Zerouali Bilel, Bailek Nadjem, Tariq Aqil, Kuriqi Alban, Guermoui Mawloud, Alharbi Amal H, Khafaga Doaa Sami, El-Kenawy El-Sayed M
Laboratory of Architecture, Cities and Environment, Department of Hydraulic, Faculty of Civil Engineering and Architecture, Hassiba Benbouali University of Chlef, B.P. 78C, 02180, Ouled Fares, Chlef, Algeria.
Laboratory of Mathematics Modeling and Applications, Department of Mathematics and Computer Science, Faculty of Sciences and Technology, Ahmed Draia University of Adrar, 01000, Adrar, Algeria.
Sci Rep. 2024 Sep 18;14(1):21812. doi: 10.1038/s41598-024-72588-5.

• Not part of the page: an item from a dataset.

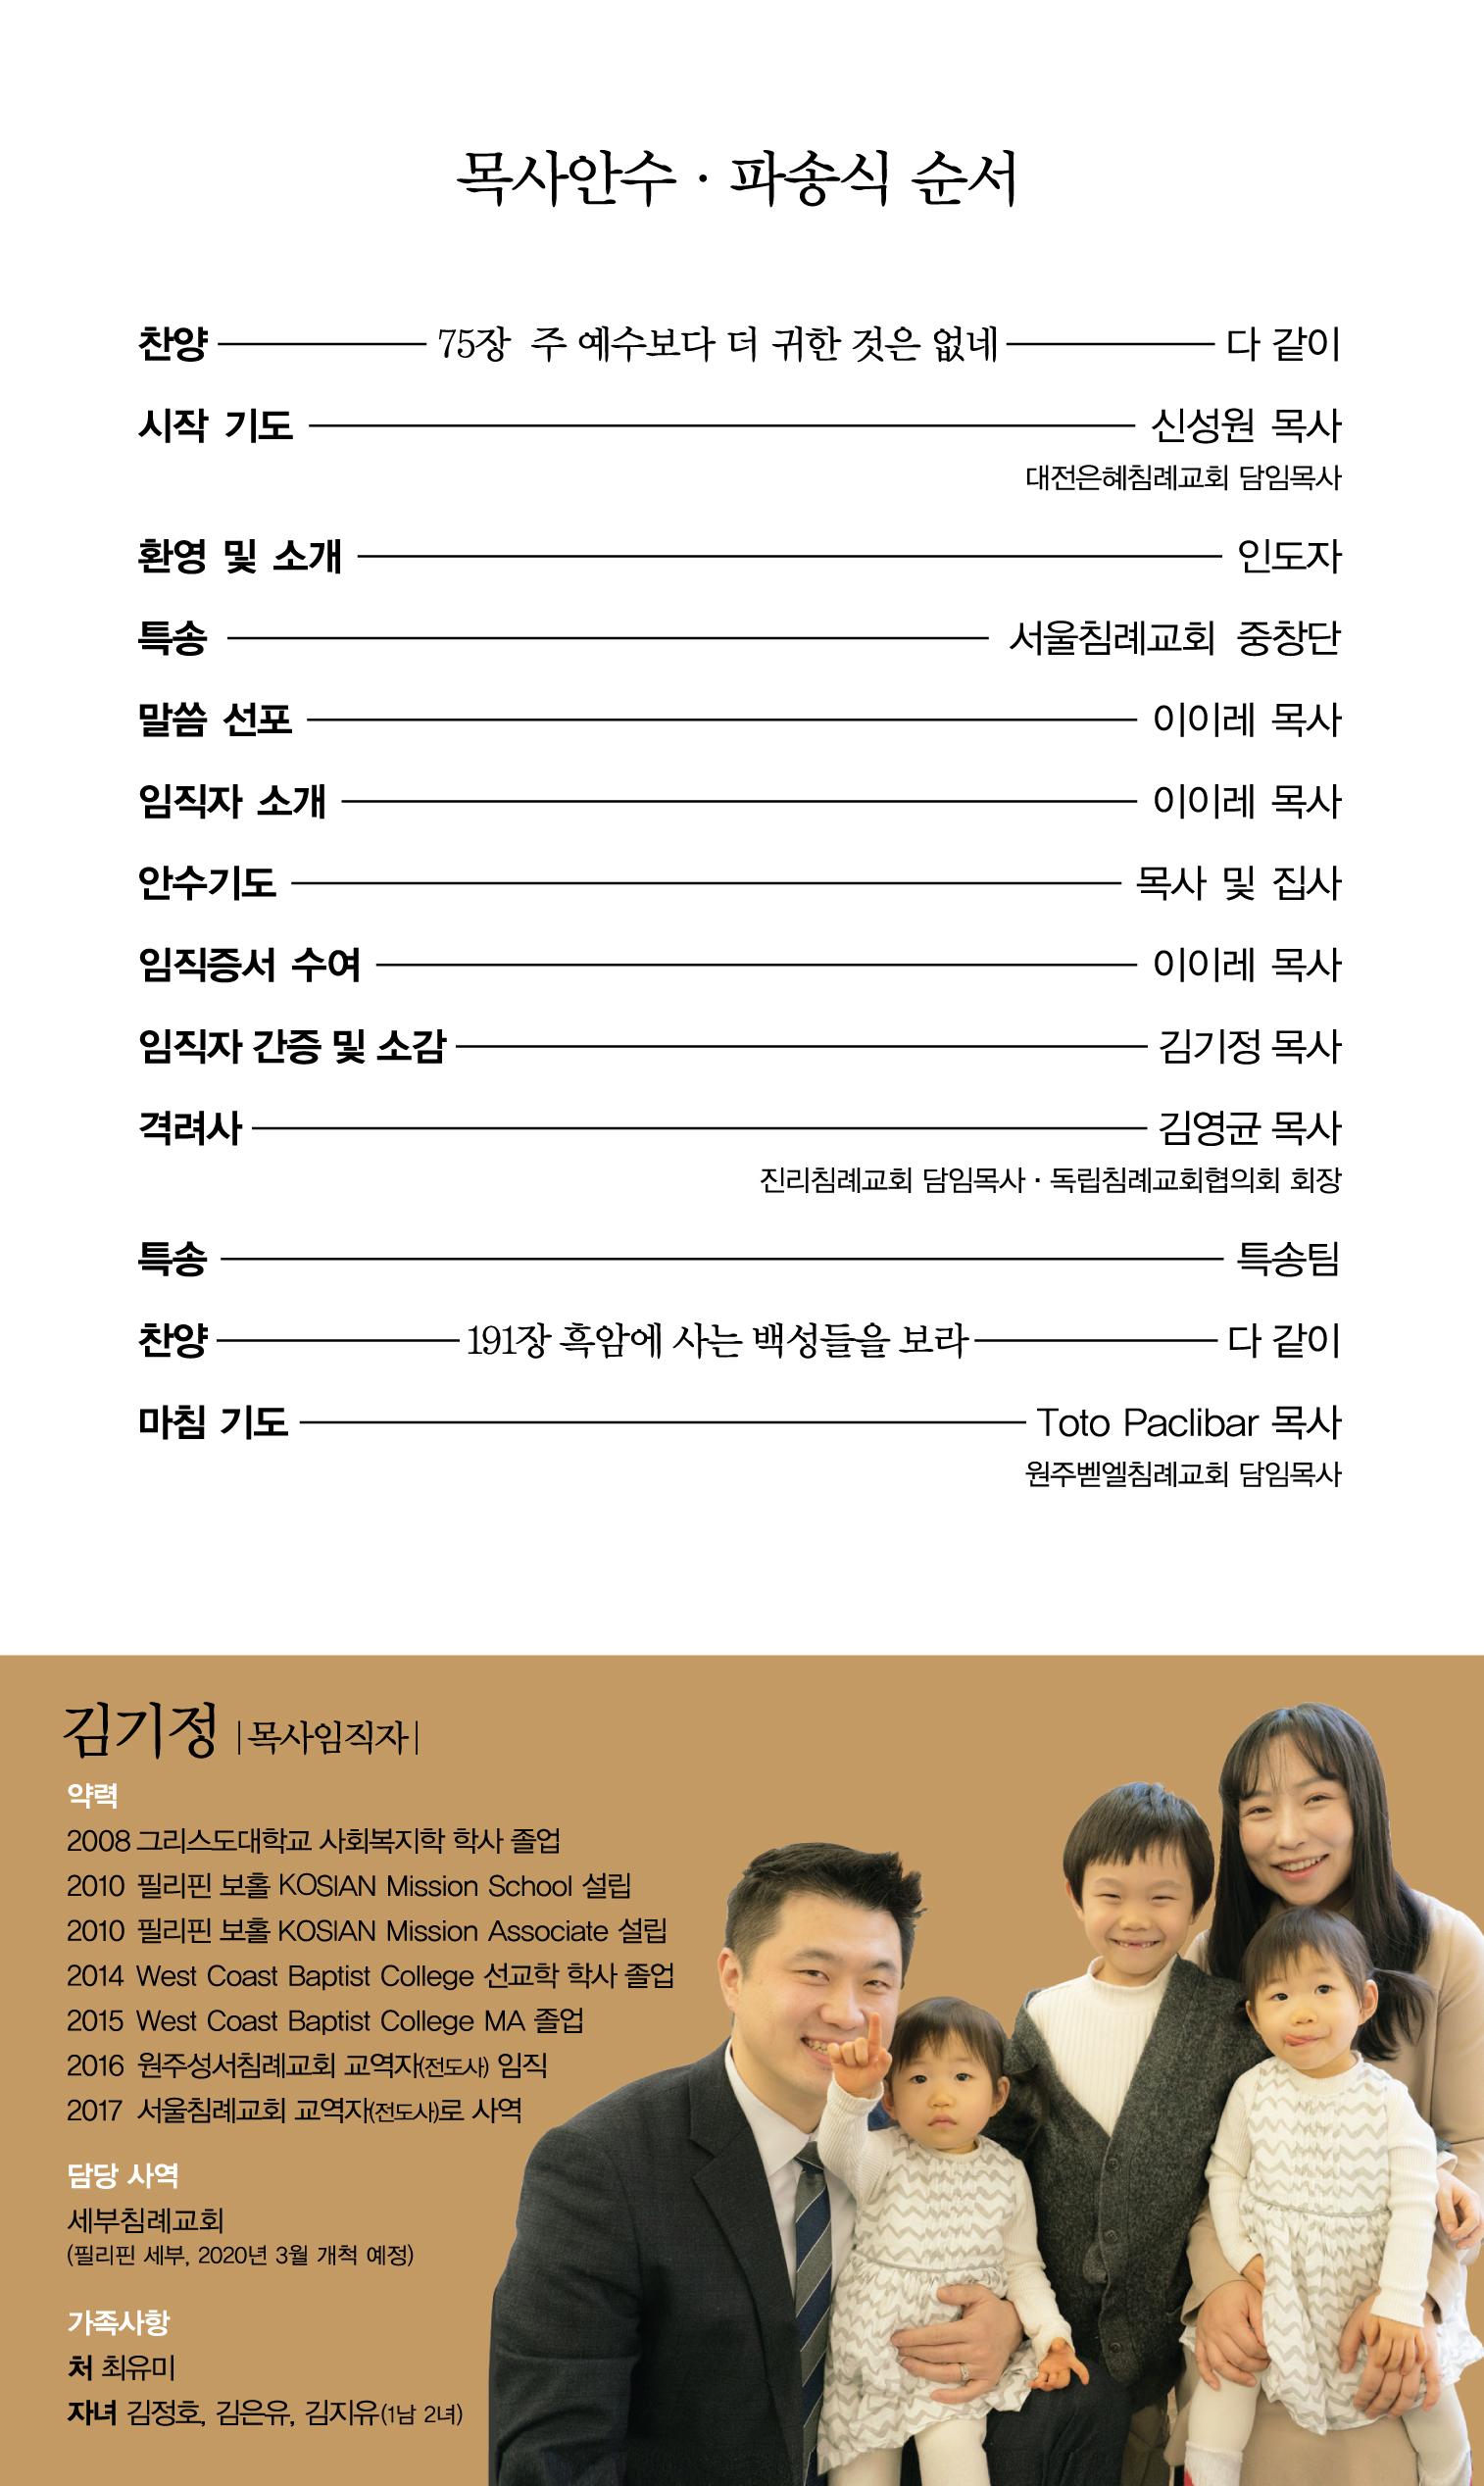 KakaoTalk_Photo_2019-12-13-01-53-15.jpeg

The evaluation of slope stability is of crucial importance in geotechnical engineering and has significant implications for infrastructure safety, natural hazard mitigation, and environmental protection. This study aimed to identify the most influential factors affecting slope stability and evaluate the performance of various machine learning models for classifying slope stability. Through correlation analysis and feature importance evaluation using a random forest regressor, cohesion, unit weight, slope height, and friction angle were identified as the most critical parameters influencing slope stability. This research assessed the effectiveness of machine learning techniques combined with modern feature selection algorithms and conventional feature analysis methods. The performance of deep learning models, including recurrent neural networks (RNNs), long short-term memory (LSTM) networks, and generative adversarial networks (GANs), in slope stability classification was evaluated. The GAN model demonstrated superior performance, achieving the highest overall accuracy of 0.913 and the highest area under the ROC curve (AUC) of 0.9285. Integration of the binary bGGO technique for feature selection with the GAN model led to significant improvements in classification performance, with the bGGO-GAN model showing enhanced sensitivity, positive predictive value, negative predictive value, and F1 score compared to the classical GAN model. The bGGO-GAN model achieved 95% accuracy on a substantial dataset of 627 samples, demonstrating competitive performance against other models in the literature while offering strong generalizability. This study highlights the potential of advanced machine learning techniques and feature selection methods for improving slope stability classification and provides valuable insights for geotechnical engineering applications.
边坡稳定性评价在岩土工程中至关重要,对基础设施安全、自然灾害缓解和环境保护具有重要意义。本研究旨在确定影响边坡稳定性的最具影响力因素,并评估各种机器学习模型对边坡稳定性进行分类的性能。通过使用随机森林回归器进行相关性分析和特征重要性评估,确定了黏聚力、重度、边坡高度和摩擦角是影响边坡稳定性的最关键参数。本研究评估了机器学习技术与现代特征选择算法及传统特征分析方法相结合的有效性。评估了深度学习模型,包括递归神经网络(RNN)、长短期记忆(LSTM)网络和生成对抗网络(GAN)在边坡稳定性分类中的性能。GAN模型表现出卓越性能,总体准确率最高达到0.913,ROC曲线下面积(AUC)最高达到0.9285。将用于特征选择的二元bGGO技术与GAN模型相结合,显著提高了分类性能,与经典GAN模型相比,bGGO-GAN模型在灵敏度、阳性预测值、阴性预测值和F1分数方面均有所增强。bGGO-GAN模型在包含627个样本的大量数据集上达到了95%的准确率,在与文献中的其他模型相比时表现出竞争力,同时具有很强的泛化能力。本研究突出了先进机器学习技术和特征选择方法在改善边坡稳定性分类方面的潜力,并为岩土工程应用提供了有价值的见解。